_EXERCISE DESCRIPTION_: Every line from the one that contains "What's your child's" to the end of the material below should be output exactly, with both ends included and nothing else.

_PROVIDED DATA_:
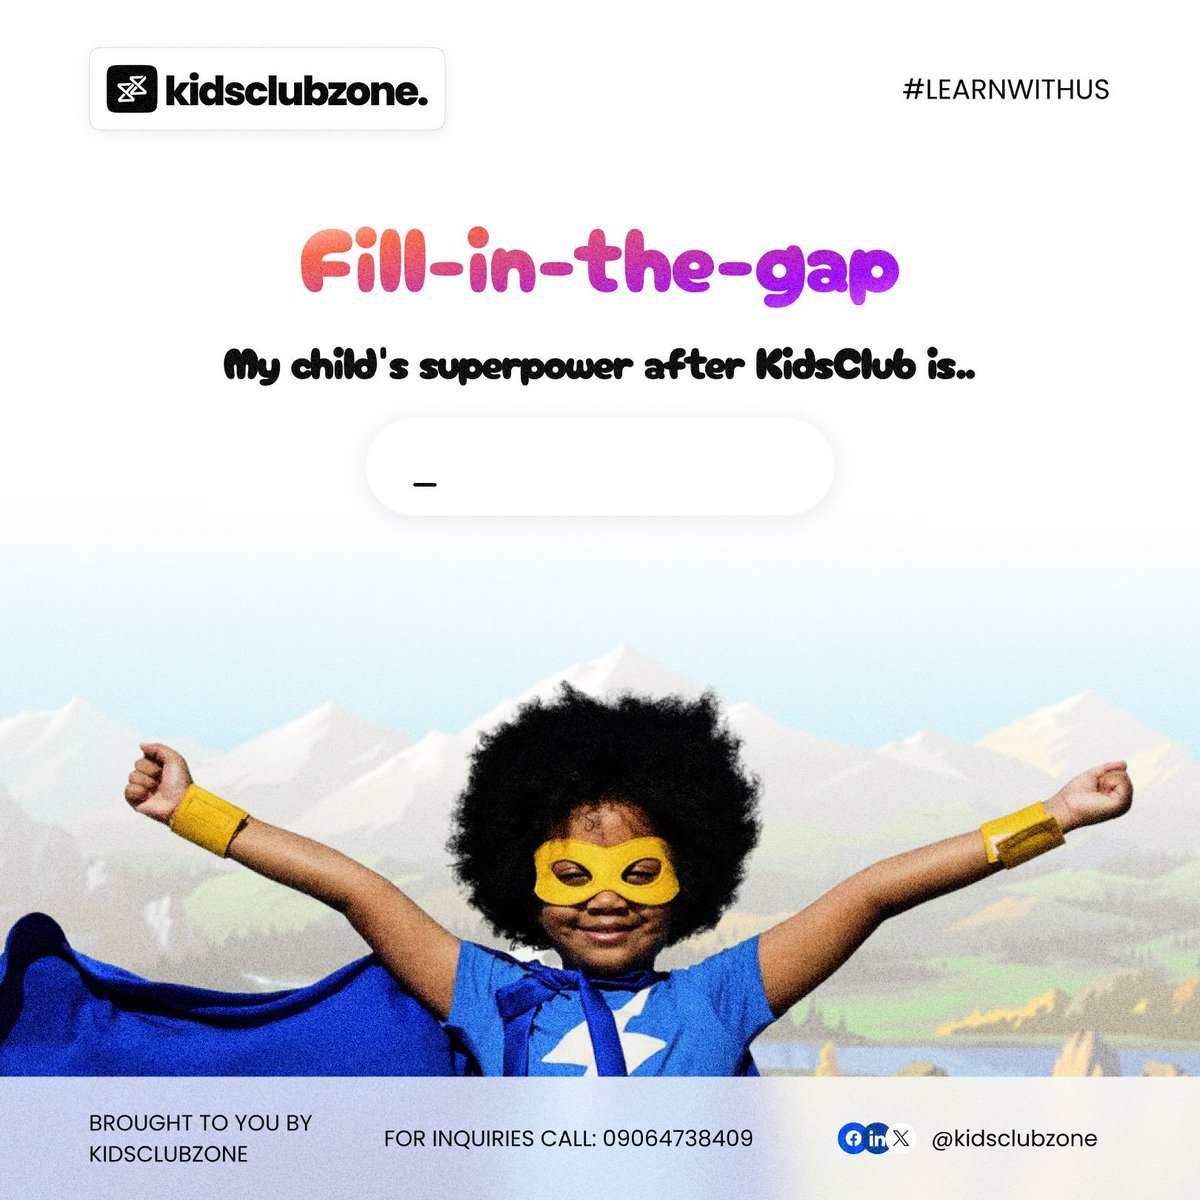 Every child enrolled at KidsClub is a superhero, with a super power.

KidsClub is here to unleash the superpower in your child. 

What's your child's superpower after enrolling them at KidsClub? 

Let us know in the comments 👇🏽

_OUTPUT BELOW_:
What's your child's superpower after enrolling them at KidsClub? 

Let us know in the comments 👇🏽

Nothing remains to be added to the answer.